Tuesday, March 13, 2012

Does Pharma Have a New Business Model--Besides Outsourcing?

An article by Martha Rosenberg in Counterpunch--
http://www.counterpunch.org/2012/03/12/outsourcing-the-drug-industry/
raises some interesting questions about the future of the drug industry. Having not had the opportunity to cross-check the background facts, rather than endorse her conclusions outright I will simply state them as questions worth inquiring into, and invite anyone from the industry who might chance to read this blog to enlighten us as to the answers.

I take Ms. Rosenberg to be making two main points:


  • The world has shifted, making the previous blockbuster model of drug development and marketing increasingly insecure. Ms. Rosenberg cites Germany as one country that has gone the farthest toward demanding that drug companies produce firm evidence that expensive newer drugs do better than old generic drugs, before their health system will pay for them. The industry currently lives in fear that other countries will follow Germany's lead in this (which would of course be an amazingly intelligent thing to do, so don't expect the US to behave that way anytime soon).

  • That being the case, how has Pharma revised its business plan to take these new realities on board? According to Ms. Rosenberg, the industry has only one plan thus far--outsourcing and cost cutting. She states, "Almost 20,000 jobs have vanished at AstraZeneca, Novartis and Pfizer in the last 12 months alone. (AstraZeneca scrapped 21,600 more since 2007). "

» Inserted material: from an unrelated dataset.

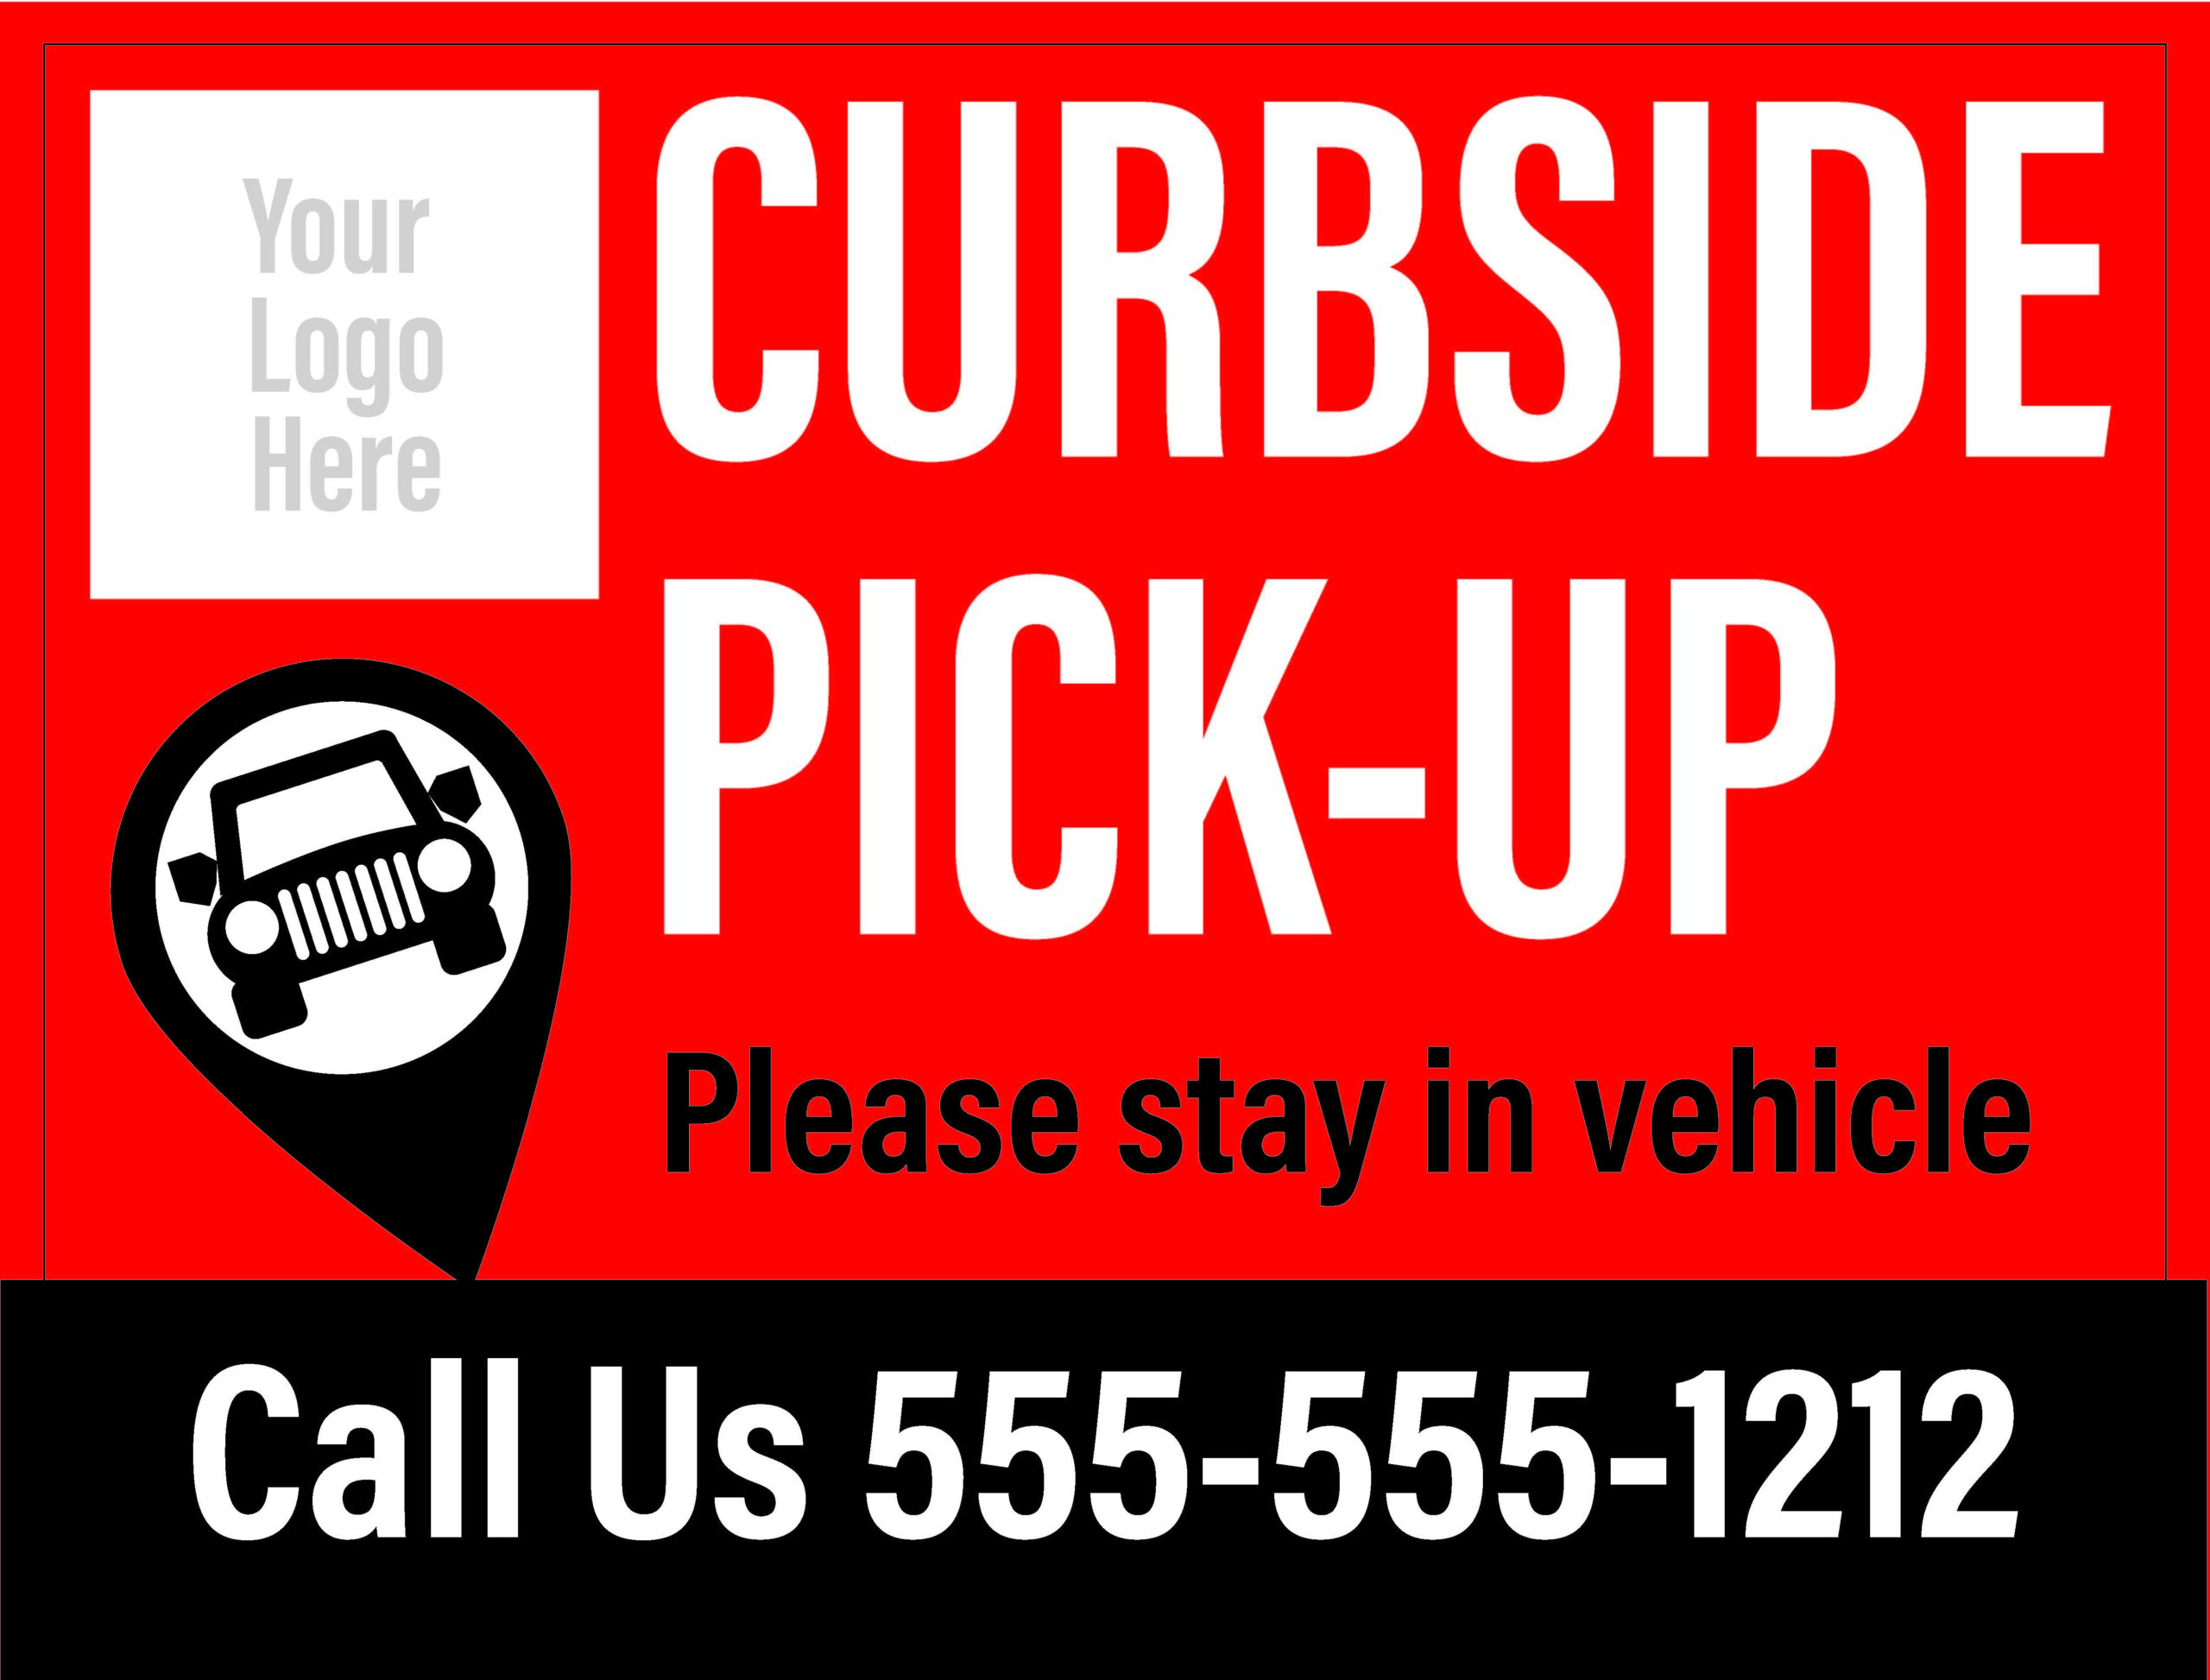 Curbside Pickup Signs 24”x 18”

Cutting drug rep positions, as we saw in an earlier post here:
http://brodyhooked.blogspot.com/2012/02/new-paradigm-for-drug-reps-or-m-i-ck-e.html
--does not necessarily threaten the health of Americans. However, outsourcing research and manufacturing to countries where the FDA has less ability to inspect for safety and to enforce quality standards can hurt Americans, as shown most visibly in the case of the tainted heparin imported from China in 2007:
http://brodyhooked.blogspot.com/2011/09/none-dare-call-it-corruption.html

A business model that would restore the pharmaceutical industry to its once-widely-respected place among American institutions would be to commit itself to the discovery of new drugs that are safe and offer real advantages over existing drugs, and not to market products that fail to meet those high standards. It is worrisome if Ms. Rosenberg is right and the industry is currently unable to come up with such a model, so that sending jobs overseas is the only arrow in its quiver.